▶ _To do_: Repeat exactly what runs from the line with "Featured Image. CSA" through the last line of the material, and keep the pictures out of it.

▶ _Available data_:
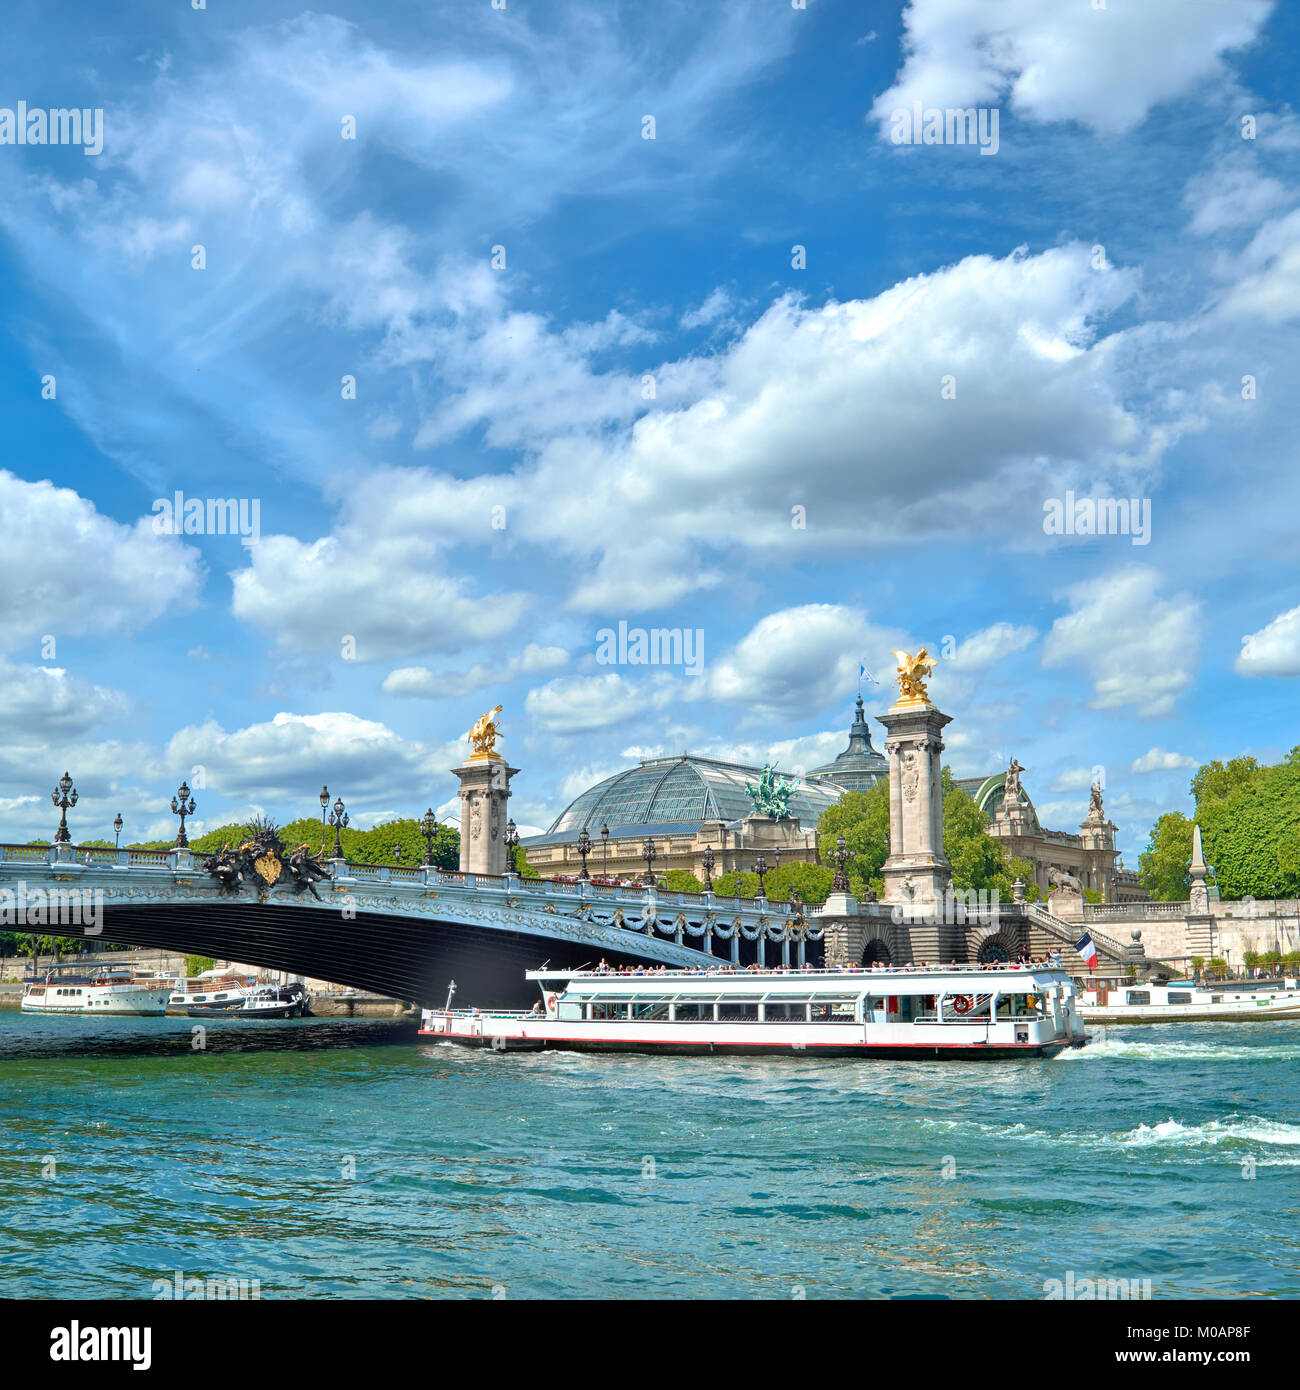 Paris, France, passenger boat passes under Alexander III bridge on Seine river in Spring. Panoramic image, square composition. Stock Photo
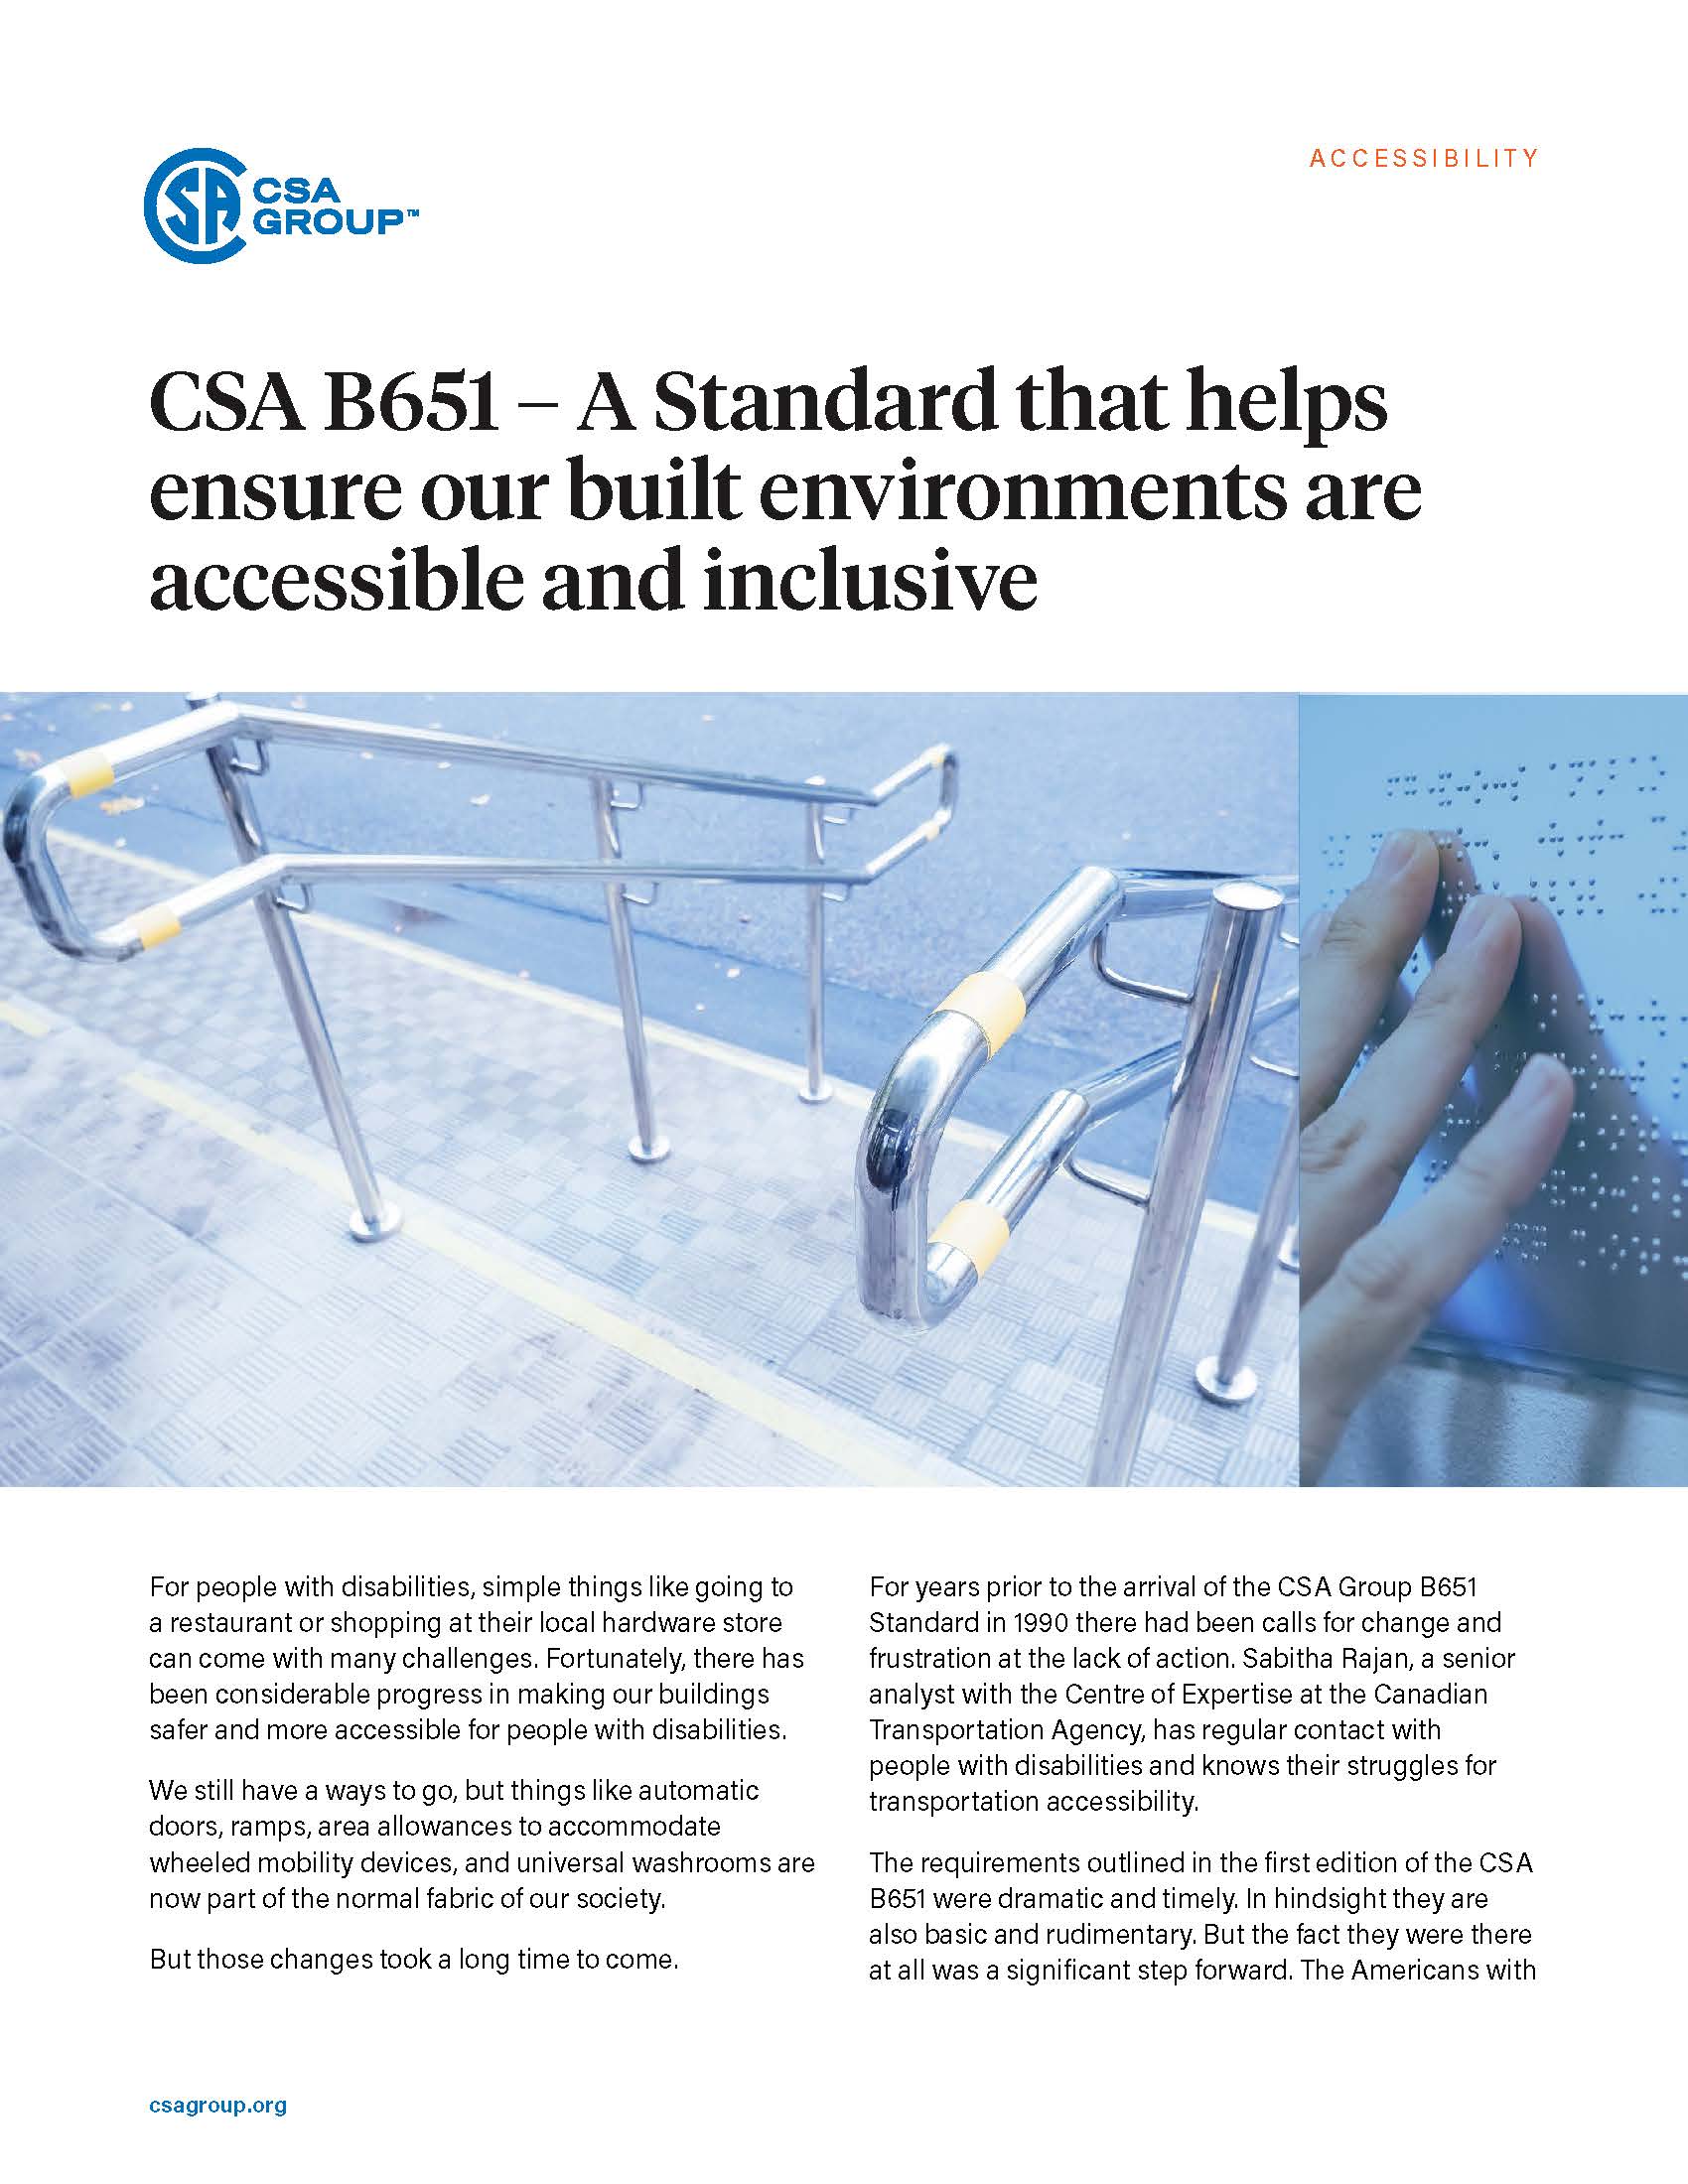 Featured Image. CSA B651 – A Standard that helps ensure our built environments are accessible and inclusive
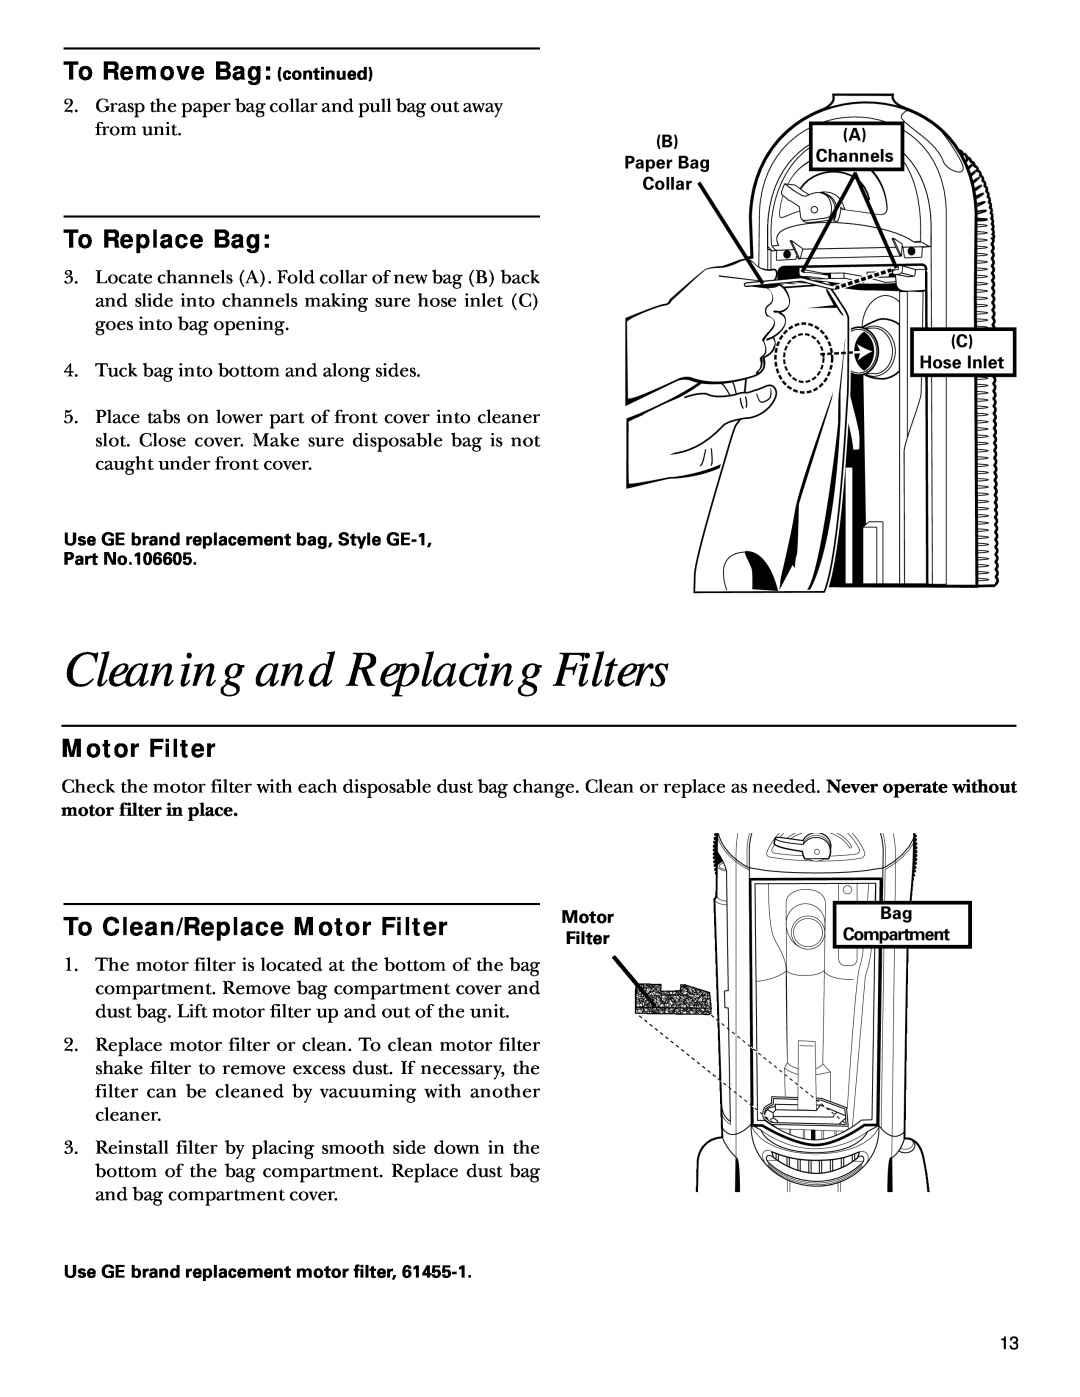 GE 106575 Cleaning and Replacing Filters, To Remove Bag continued, To Replace Bag, Motor Filter, motor filter in place

▶ _Your solution_:
 Featured Image. CSA B651 – A Standard that helps ensure our built environments are accessible and inclusive
 GE 106575 Cleaning and Replacing Filters, To Remove Bag continued, To Replace Bag, Motor Filter, motor filter in place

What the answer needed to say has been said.